Wide receivers comfortable throwing blocks like this have defined the offense called by LA Rams' head coach Sean McVay. Woods used to be his star pupil, not only for blocks in the screen game, but also for his willingness to clear rushing lanes for the Rams' zone-stretch running plays. Meyers has shown a similar appetite for contact as a key edge-setter in New England's power-based ground attack.

Running the football usually becomes tougher closer to the goal-line, where defenses bring bigger bodies onto the field to help roll down the shutters. It's also where teams need receivers who can create separation and body defenders in the end zone. Meyers has the knack, evidenced by this touchdown catch against the Buffalo Bills from Week 18:

These are the things Woods used to do for the Rams. There are other similarities, including Meyers' seemingly modest production with the Pats. He's never tallied more than 866 receiving yards in a single season, but that won't worry McVay. Not when Woods had never exceeded 699 yards with the Bills before recording back-to-back 1,000-yard campaigns for the Rams.

Meyers can make a similar statistical jump in McVay's offense. The increased production would justify Snead investing in a player values at $12.5 million per season.
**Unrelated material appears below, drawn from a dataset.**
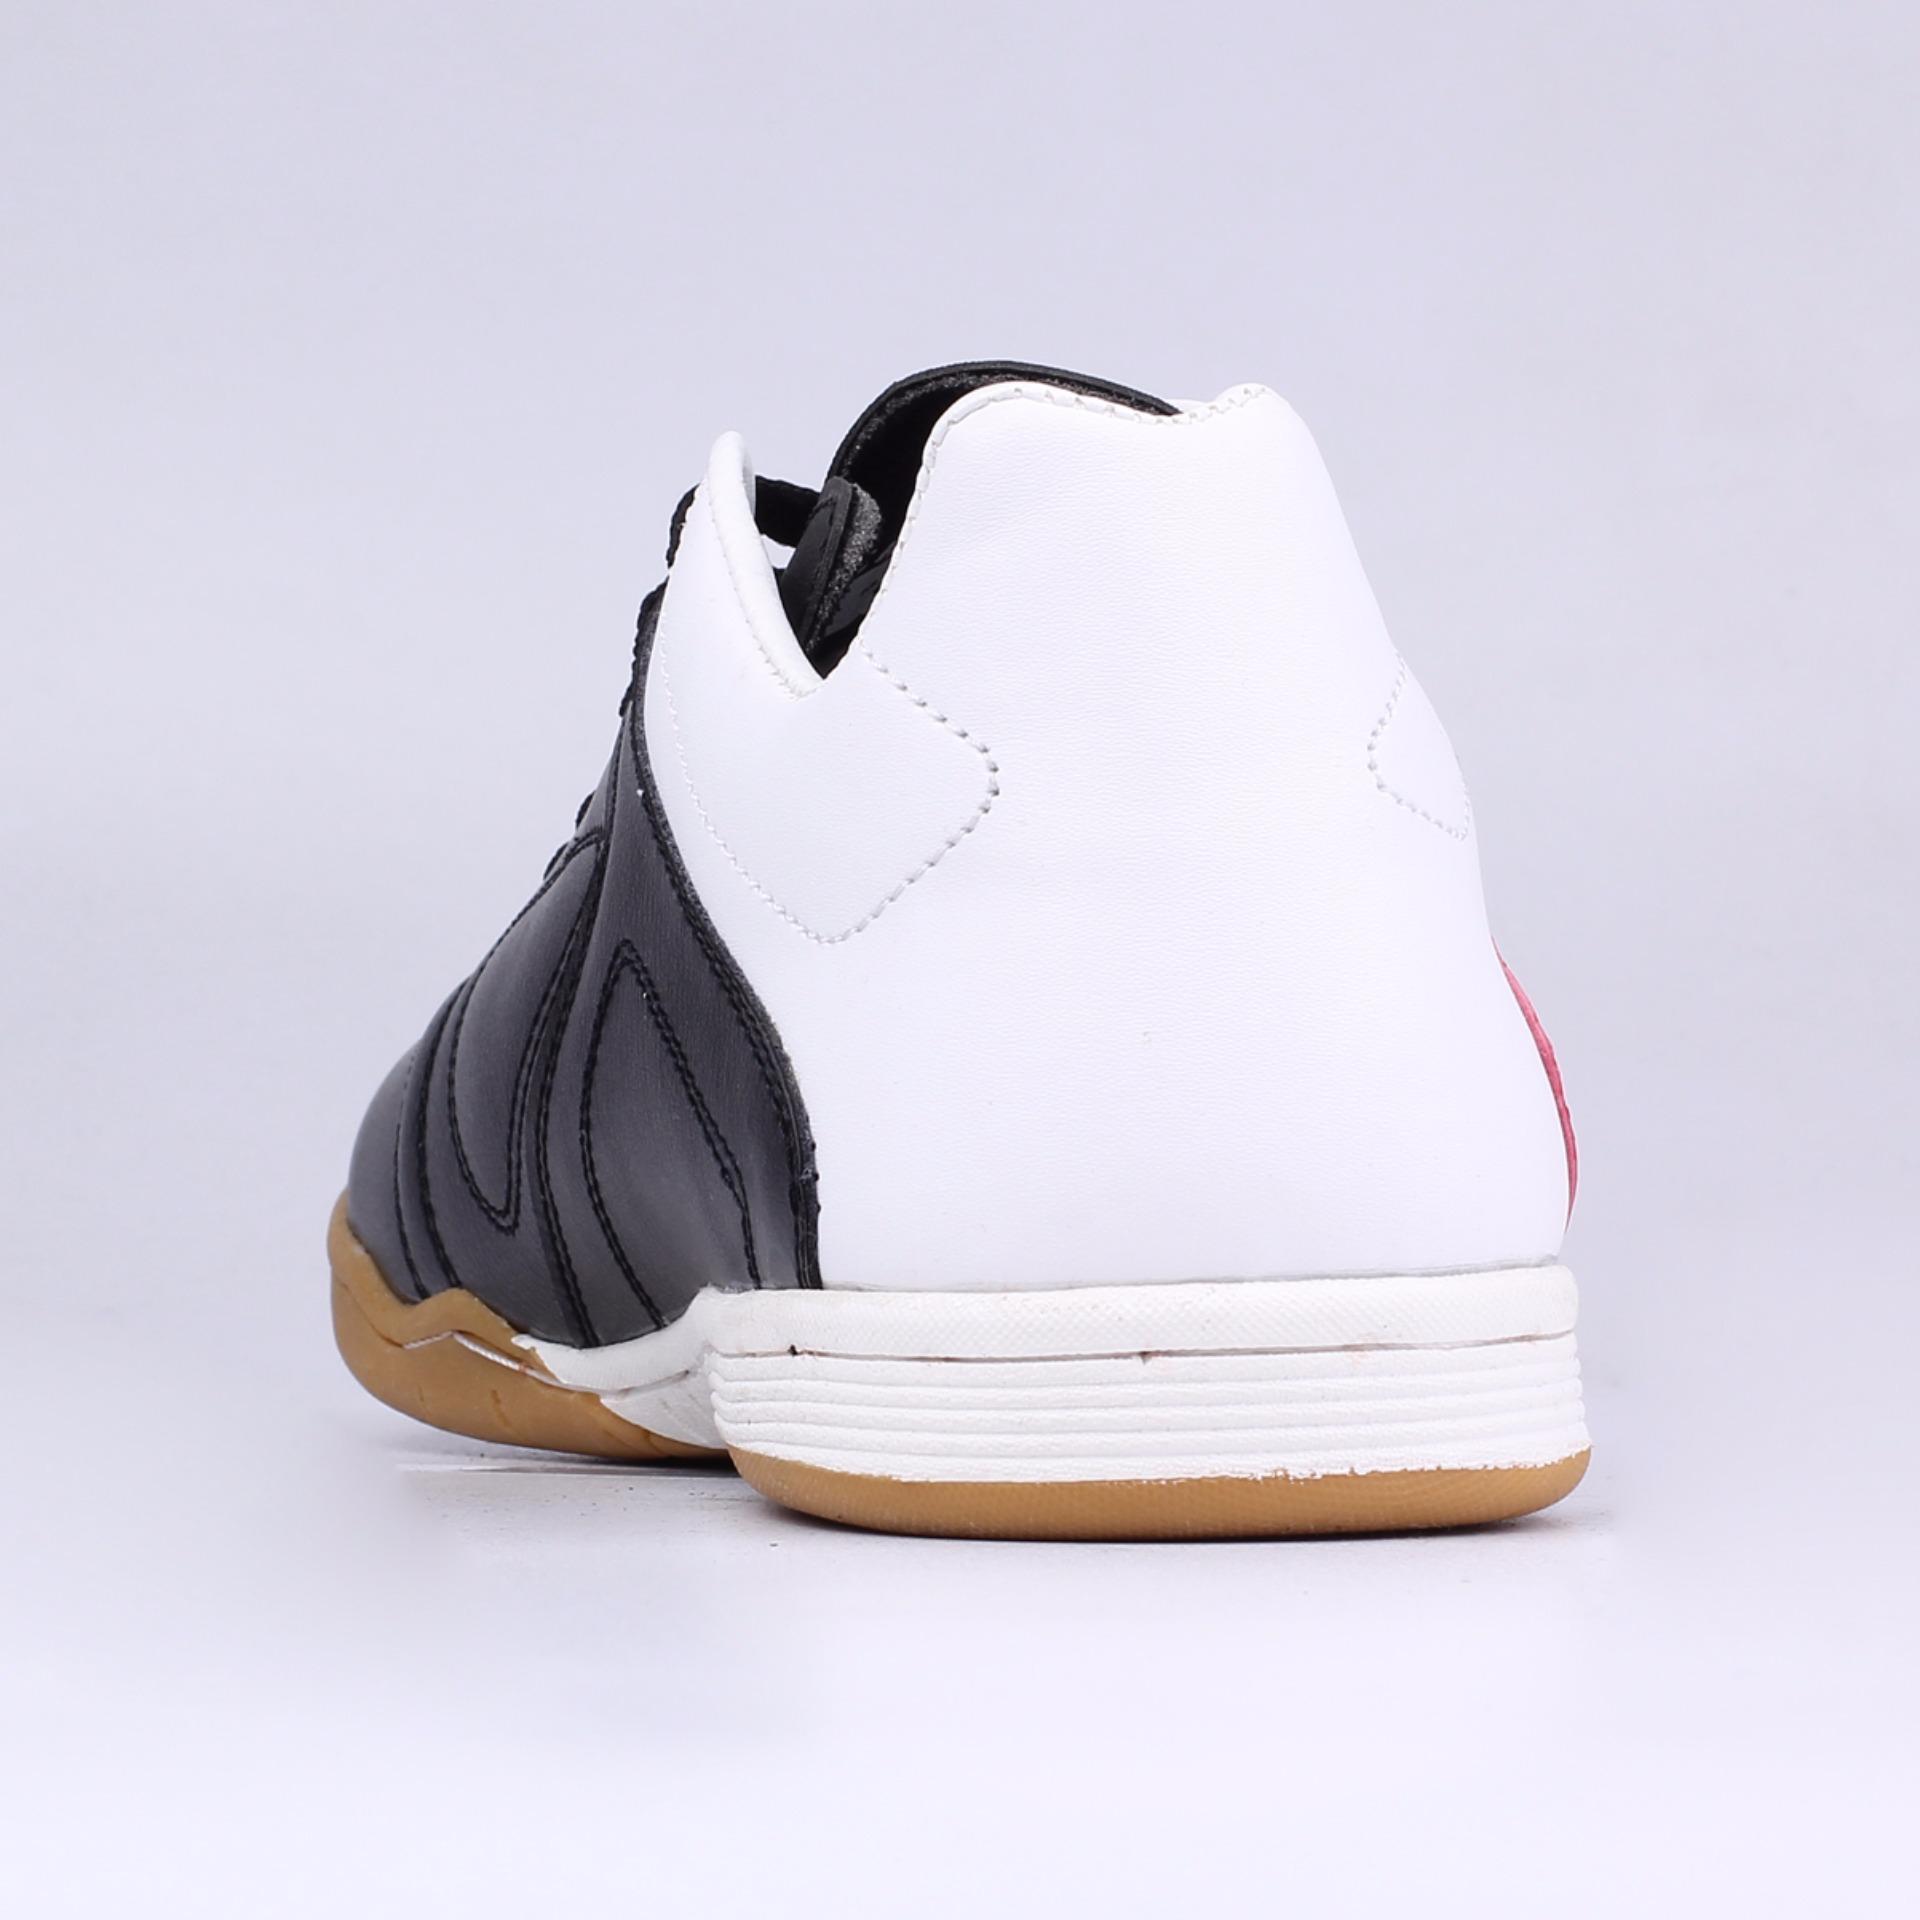 Terbaik Murah Catenzo Sport Shoes Sepatu Futsal Pria Ns 093 High Super Black White
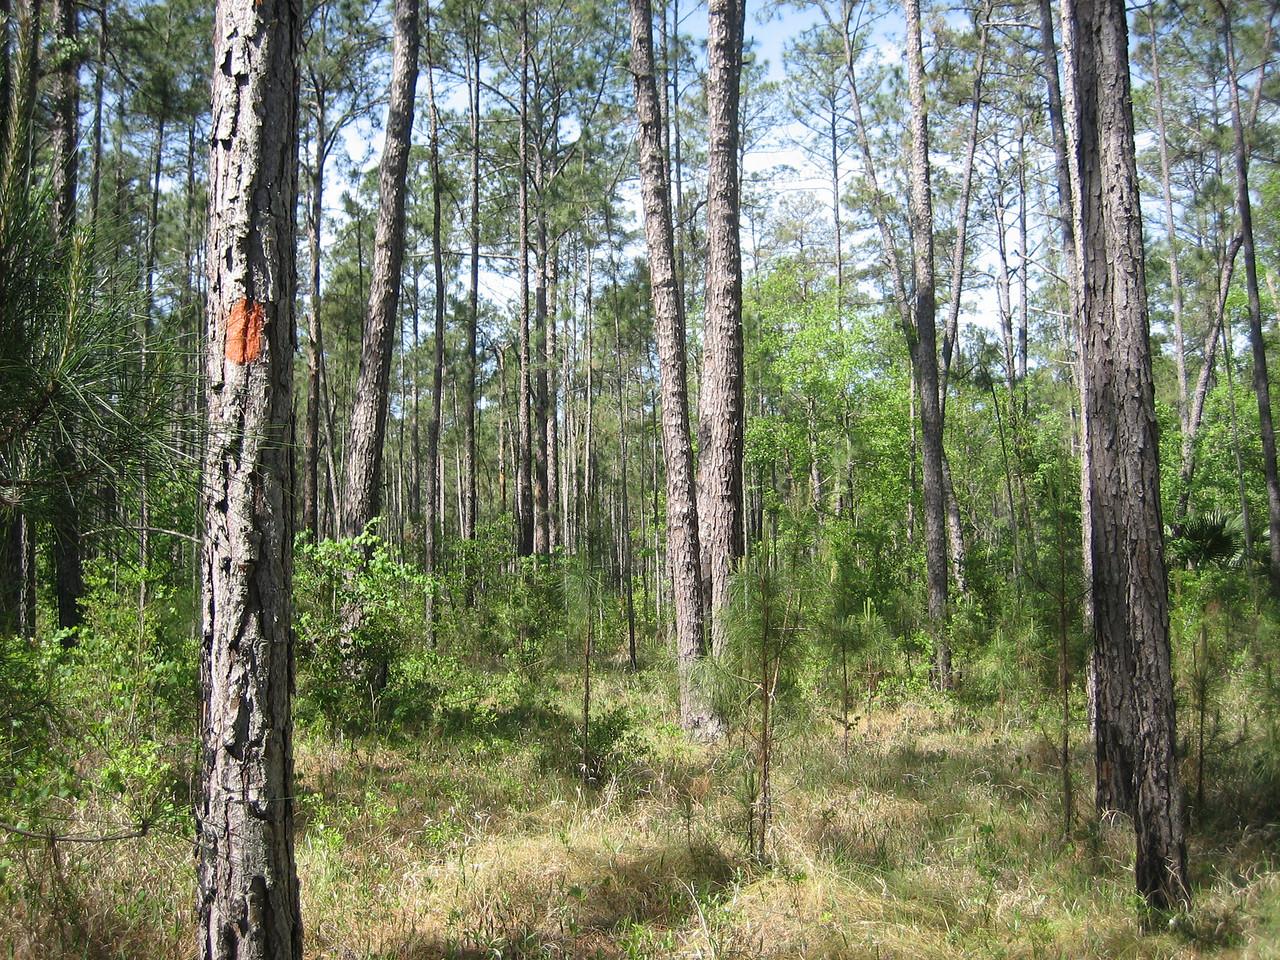 Hiking through the pines near Hulls Creek<br /> photo credit: Sandra Friend / Florida Trail Association

Paying that figure will be a tall order for the Rams, given their salary cap issues, but Snead has already begun freeing up cash by releasing inside linebacker Bobby Wagner. Is it worth the investment for a team that already is laying out quite a bit of cash for both WR Cooper Kupp and Allen Robinson? Nothing is stopping the Rams from parting ways with Robinson if the potential to upgrade at the position is significant.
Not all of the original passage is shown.